Sovereign wealth is a force for stability

260

The political consequences of international trade are different from the political consequences of international investment. Yet the willingness of business to transcend political divisions in pursuit of commercial advantage is basically a force for peace.

Everyone is talking about sovereign wealth funds. There are six countries whose governments are substantial international investors. Three are Middle Eastern ones – the United Arab Emirates, Kuwait and Saudi Arabia. Norway and Singapore have large funds. Then there is China. Other sovereign funds are smaller than the bigger pension funds, and the total assets even of the big six are marginal relative to the scale of privately controlled investments.

But the political dimension of sovereign wealth raises passions absent, or less obvious, when the investor is Blackstone, Fidelity or Goldman Sachs. The suspicion and protest that greeted Kuwait’s involvement in BP two decades ago is today applied to its holding in Daimler and Abu Dhabi’s stakes in Citigroup and Sony. The idea that American ports and California’s oil might come under foreign control causes consternation in Congress.

The relationship between international politics and international investment is an issue as old as commerce. But the lesson of history is that the problems are for the investor not the investee. When ownership rights conflict with political authority the latter almost always prevails.

The City of London appears at the mercy of sovereign wealth. Its electricity is supplied by a company controlled by the government of that ancient enemy, France. Perhaps, as one of those interminable discussions among the ministers of Europe reaches deadlock, President Nicolas Sarkozy could order the lights to flicker. That would remind everyone that the source of power is in Paris.

But the scenario is absurd. The switches are in London, and it is their location, not that of the share certificates, that matters. France does derive some minor influence but this is the result of French physical supplies through the cross-Channel interconnector, not French ownership of British electricity companies: trade not investment. Similarly President Vladimir Putin’s influence on European energy comes from Gazprom’s control of assets inside Russia, not its ownership of those outside Russia.

It seems inconceivable today that a political quarrel between Britain and France would lead to a rupture of commercial relations. But such issues did once arise. The industrial landscape is still influenced by the rearrangement of assets in the world wars. That is why there is both a US Merck and a German Merck. It is perhaps ironic that Thomas Cook, the provider of travellers’ cheques, is today German-owned: the business was appropriated by the British government when the Paris headquarters of the company’s then parent fell to the enemy in 1940.

At that time General Motors made military equipment for the US government in the US, for the British government in Britain and for the German government in Germany. The records on which Nazi tyranny was based were maintained by a subsidiary of IBM. Modern writers criticise these companies for complicity in oppression, but they had no other realistic option.

These corporations might justly be censured for pursuing business advantage with too much zeal. The American executive in charge of GM’s European operations was decorated by the Führer for his services. It remains controversial whether the purpose of IBM’s partial disengagement from its German associate was to distance the parent from the Nazis or to make the subsidiary more acceptable to them.

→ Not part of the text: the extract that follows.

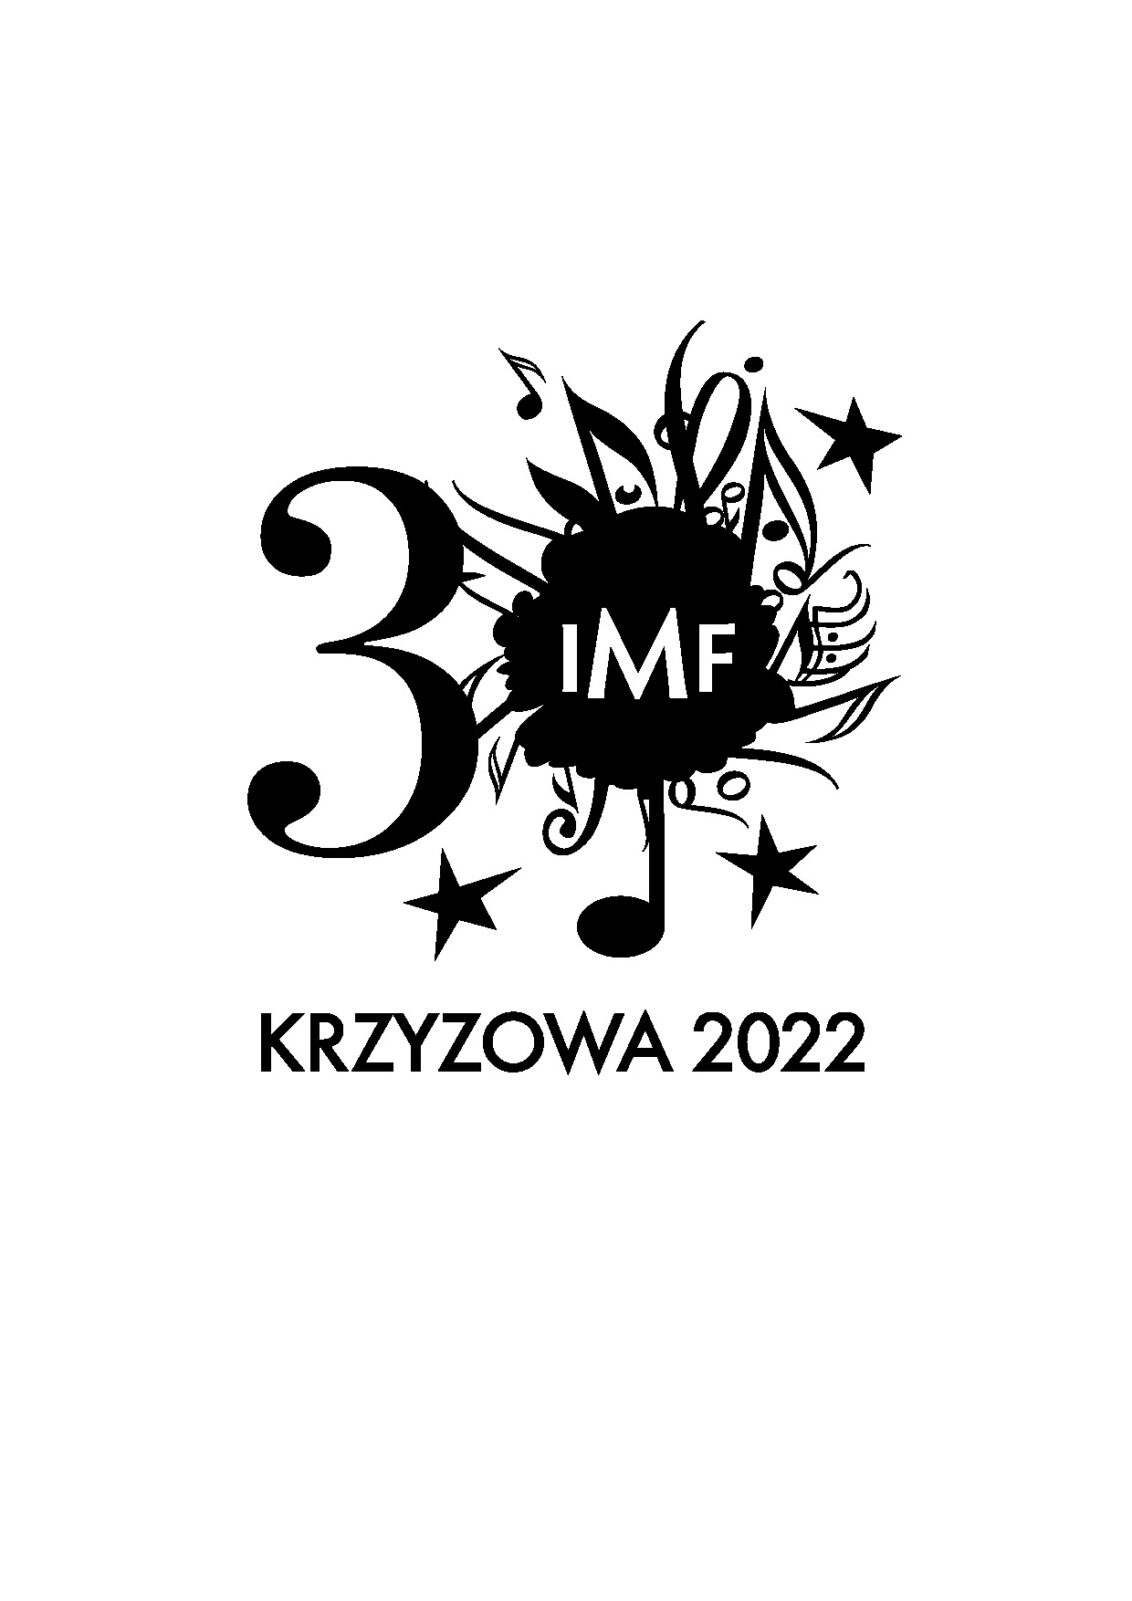 30 Jahre IMF Signet 7-2022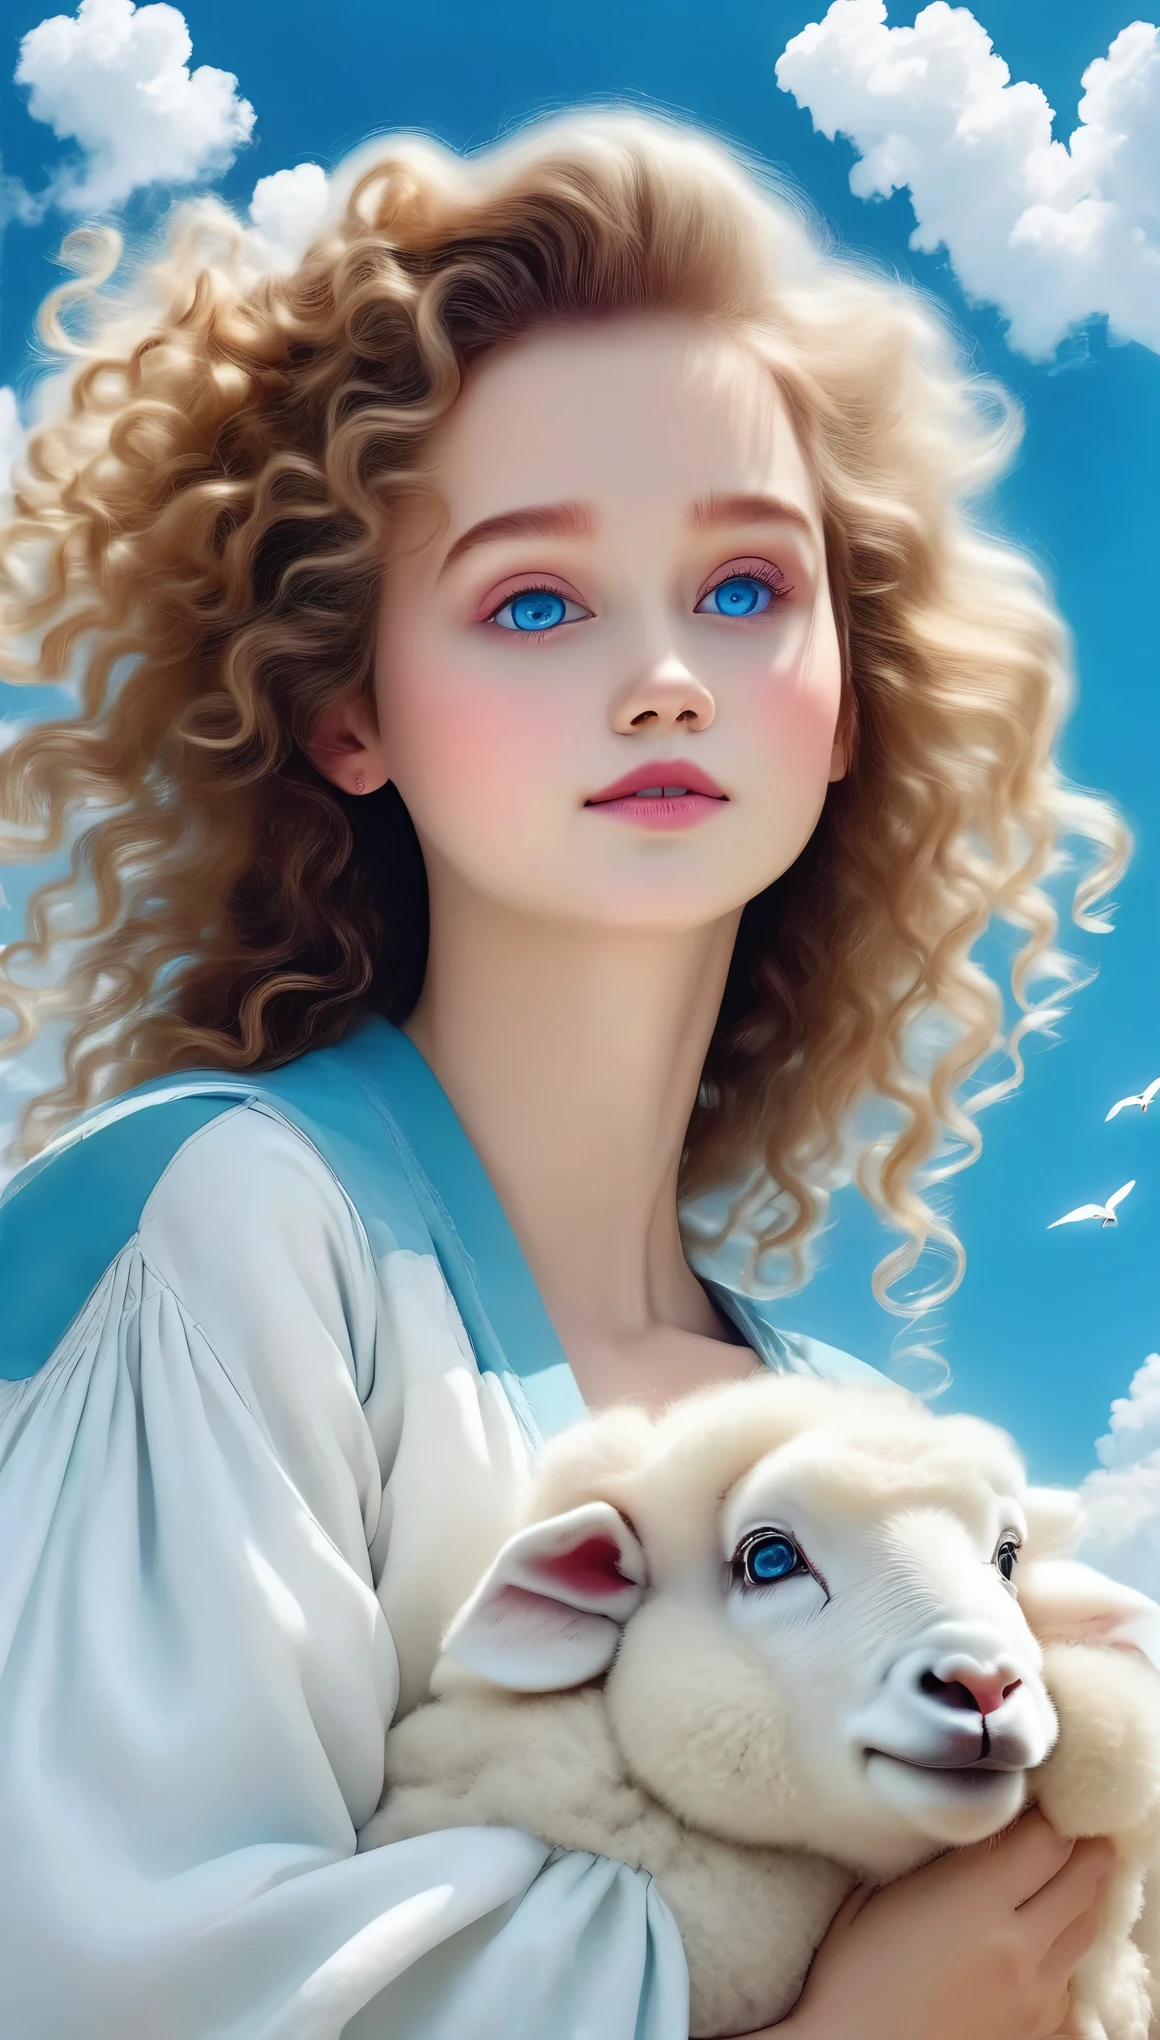 1 garota,pássaro,lindos olhos azuis detalhados,Nuvem,cabelo encaracolado,ar livre,guarnição peluda,pom pom(roupas),ovelha,céu,Sozinho,tronco,Cabelo ondulado,(melhor qualidade,4K,8K,alta resolução,obra de arte:1.2),Ultra-detalhado,(realista,photorealista,photo-realista:1.37),lindo retrato,fantasia,realismo mágico,cores vibrantes,iluminação dramática

Yet the willingness of business to transcend political divisions in pursuit of commercial advantage is basically a force for peace. But the political consequences of international trade are different from the political consequences of international investment. To make war, you need your own steel production, not your own steel company. Trade across borders binds us together economically by raising the costs of independent action. Investment across borders binds us together by creating actors with much to lose from political tension. The investment that Norway, Singapore and Kuwait have made in global markets is also an investment in global, economic and political stability. We should welcome it if China and Russia make the same commitment.